Cela commence par un appel à la rédaction de l'Hérault. "Il faut absolument parler de Mamie Alexia, elle fait un travail formidable pour les SDF à Béziers". La personne qui parle, on le saura plus tard, a été "sortie de la rue" par celle que tous appellent "Mamie".
Le lieu de rencontre est place du général de Gaulle, devant le bâtiment de la Sécu. La nuit est glaciale, on est en avance. Il y a déjà Domi et Hassan . "On vient les premiers pour aider Mamie à installer. Mamie c'est de la bombe atomique, il faut la canoniser !".
Mamie Alexia arrive, 73 ans, cheveux courts et une pêche d'enfer. Elle les embrasse tous comme du bon pain. Elle dit : "Ce sont mes enfants" et eux viennent se blottir dans ses bras. Davantage que pour le repas, ils viennent pour la chaleur humaine et pour parler de leurs problèmes. Pour ça il y a un code : "On va dans le bureau ?", c'est à dire qu'on s'éloigne de quelques mètres pour pouvoir se confier. Elle connaît tout de leur passé. Celui-ci était expert comptable et a sombré après une rupture amoureuse, celui là était entraîneur de foot de haut niveau et a tout perdu à cause de pépins physiques, il y a le jeune homosexuel rejeté par sa famille. Il y a celui qui a été abandonné enfant et c'est à Alexia qu'il a dit la première fois " maman ". Comment arrive-t-elle à supporter autant de souffrances, à entendre autant d'histoires terribles ? "Tout ce qu'ils me racontent me touche profondément mais en même temps, je suis blindée. Je fais aussi de l'accompagnement de fin de vie à l'hôpital. J'ai le mental pour ça."
La peur au quotidien
Mamie n'est pas une militante politique, ni une "grenouille de bénitier", elle n'est pas riche (elle vit dans une seule pièce) mais "elle a du temps" et a trouvé un sens à ce temps : "La rue c'est ma vie, je mourrais dans la rue" dit elle avec un grand sourire. Elle confie avoir fait l'expérience de vivre à même le trottoir pendant une semaine pour comprendre ce que ses " enfants " subissent. "On a tout le temps peur, on est tout le temps chassés." Elle connaît par cœur le scenario qui mène des hommes et aujourd'hui de plus en plus de femmes à devenir SDF : "On perd son travail, alors on doit quitter l'appartement. En attendant, on dort dans la voiture. Et puis un jour la voiture part à la fourrière et on est dans la rue". Et vivre dans la rue, c'est quoi ? C'est disparaître aux yeux du monde. Simon témoigne : "On ne nous voit pas. Quelque fois, les gens jettent un regard de pitié... sur notre chien. En fait, on est moins que des chiens."

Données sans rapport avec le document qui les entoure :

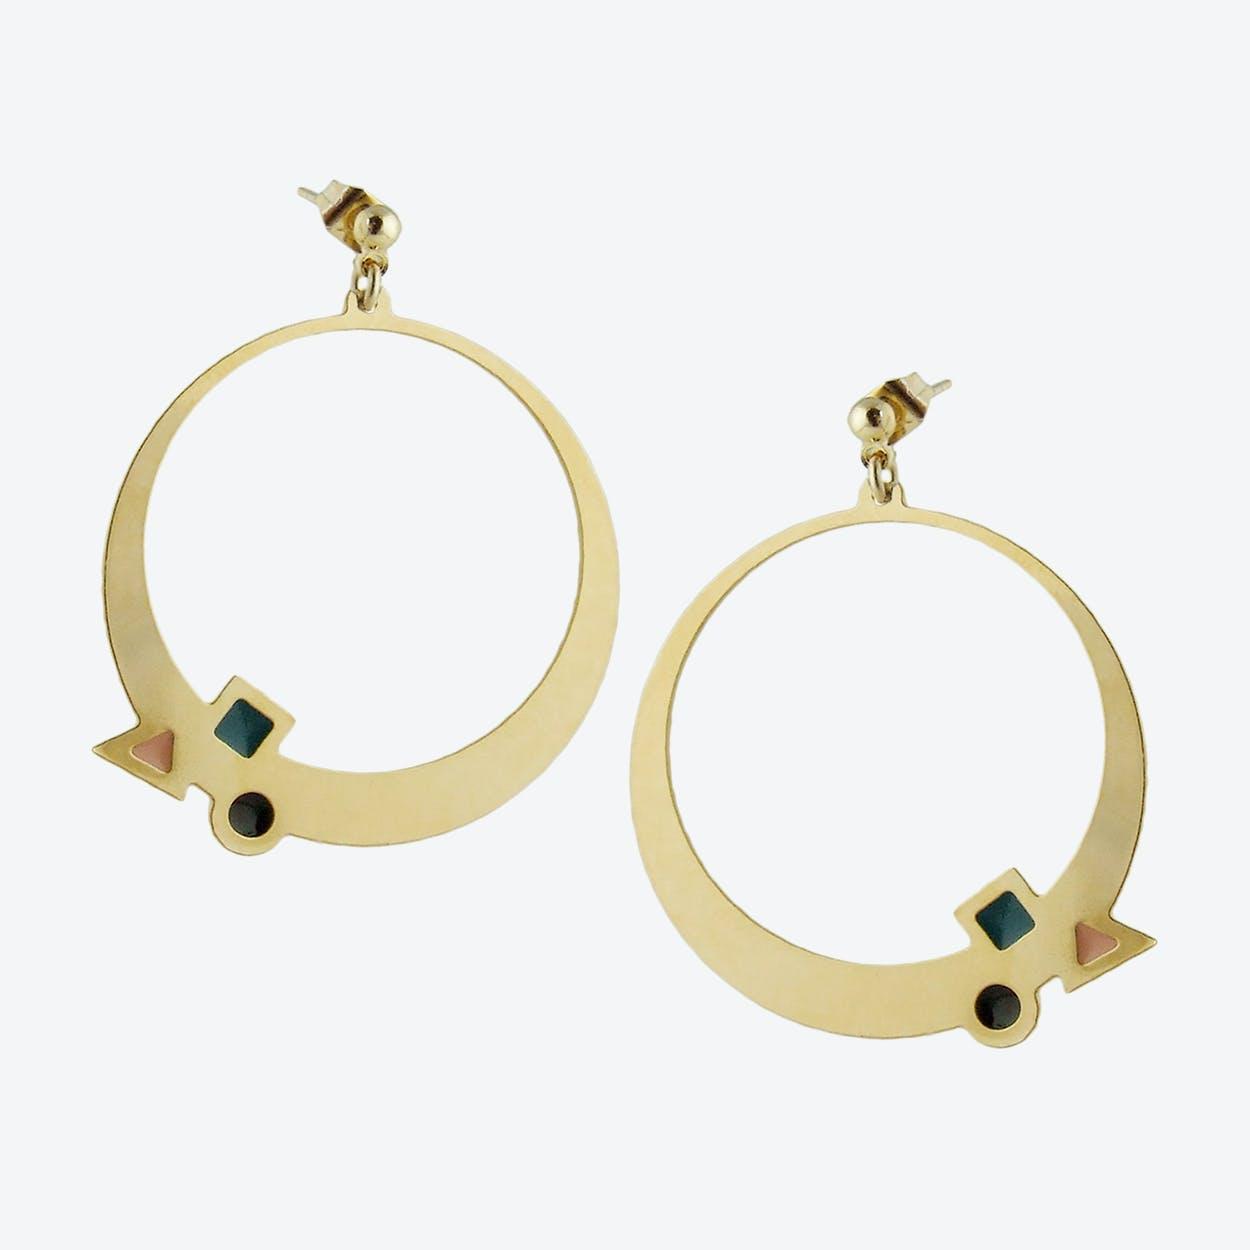 Geometric Gold Hoop Earrings in Emerald, Black, and Blush

Ils ont tous le numéro de téléphone de Mamie. Pour l'appeler quand ça va mal. Elle les emmène chez le médecin et même les accueille parfois quelques jours dans la caravane qu'elle a posé dans le jardin de Robert, son complice. Car l'œuvre de Mamie tient aussi par tout un réseau de "résistants" à l'indifférence. Robert qui la conduit partout avec sa R21, Jérémie qui prépare la soupe du mardi soir, des bénévoles des Restos du cœur qui viennent épauler. Il y a aussi Emmanuelle, jeune fille qui envisage de travailler dans la filière sociale. "J'ai rencontré Mamie aux Restos du cœur et je me suis ralliée à sa cause. J'essaye de monter un projet pour pouvoir trouver un local. Il faut pérenniser ce que fait mamie mais ici, dans la rue, ce n'est pas très pratique. On voudrait pouvoir faire ça au chaud, essayer de les mettre à l'abri le plus possible."

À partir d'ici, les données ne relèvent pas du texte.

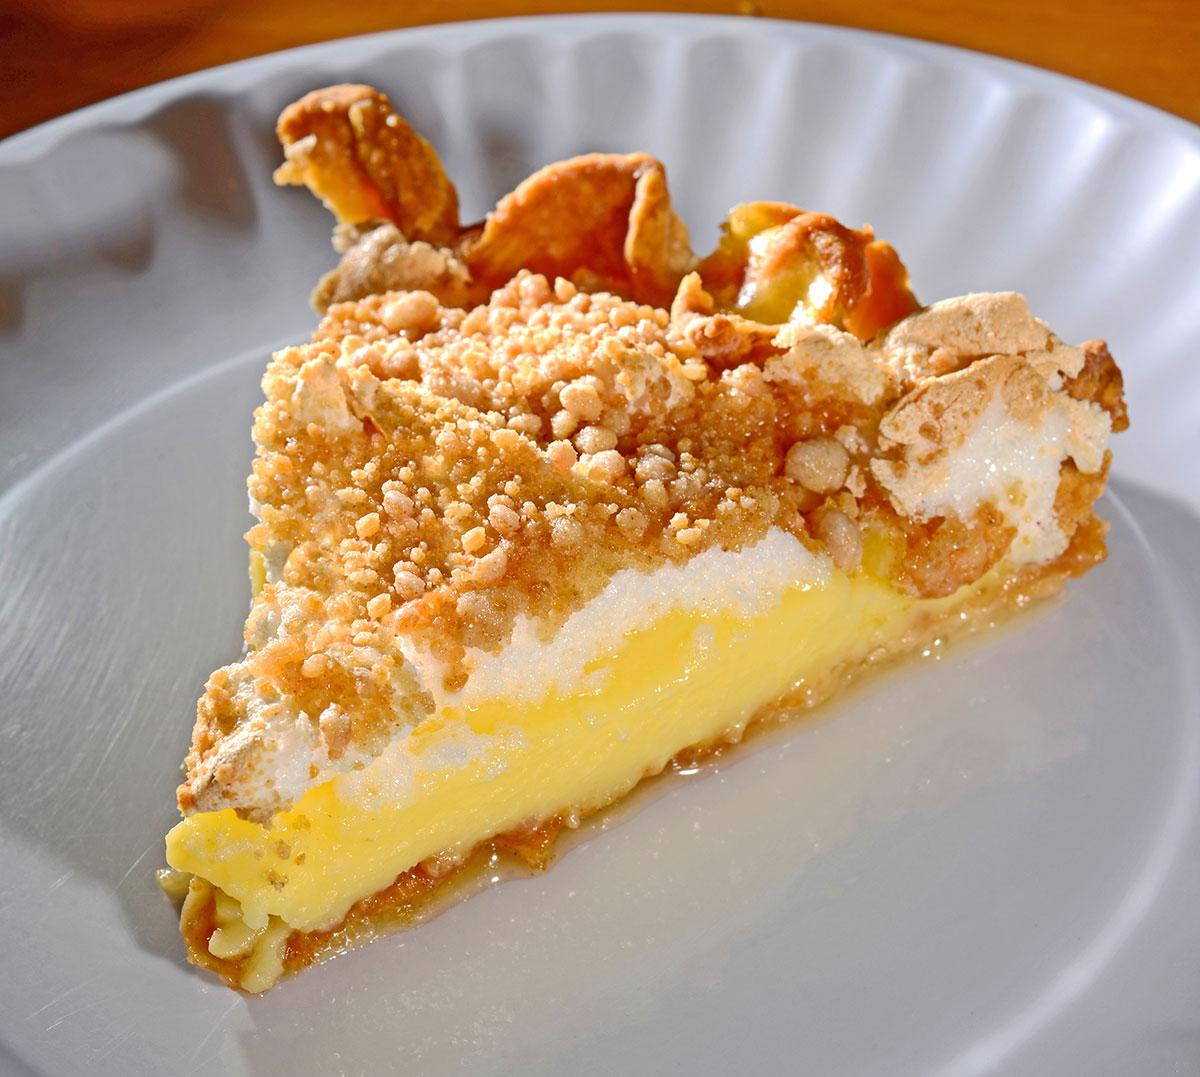 Elna Simonsen's Peanut Butter Pie

La bonne cuisine de mamie Alexia est connue de tous les SDF de Béziers. Et à Noël, c'était saumon fumé, foie gras et champagne. C'est la seule occasion ou mamie tolère l'alcool, sinon c'est interdit.
La petite communauté se retrouve et on dirait une famille. Il y a Angelo qui n'est pas SDF mais qui vient " pour la convivialité. Voir ce qui se passe ici, ça m'émeut. ça n'existe qu'ici, grâce à elle. Mamie, c'est la grande classe, c'est une Madame. " Hassan renchérit : " C'est un ange. On sait qu'il lui arrive des misères dans sa vie , et pourtant, elle est toujours là pour nous. "
On rit beaucoup. Ce soir c'est la Saint-Valentin " Je suis un cœur à prendre ", clame Alexia et chacun rivalise de pitreries pour attirer son attention.
On parle des élections à venir aux Etats unis, des chances de Barrack Obama. Le temps d'une soirée, ils font partie du Monde, qui les a pourtant oublié.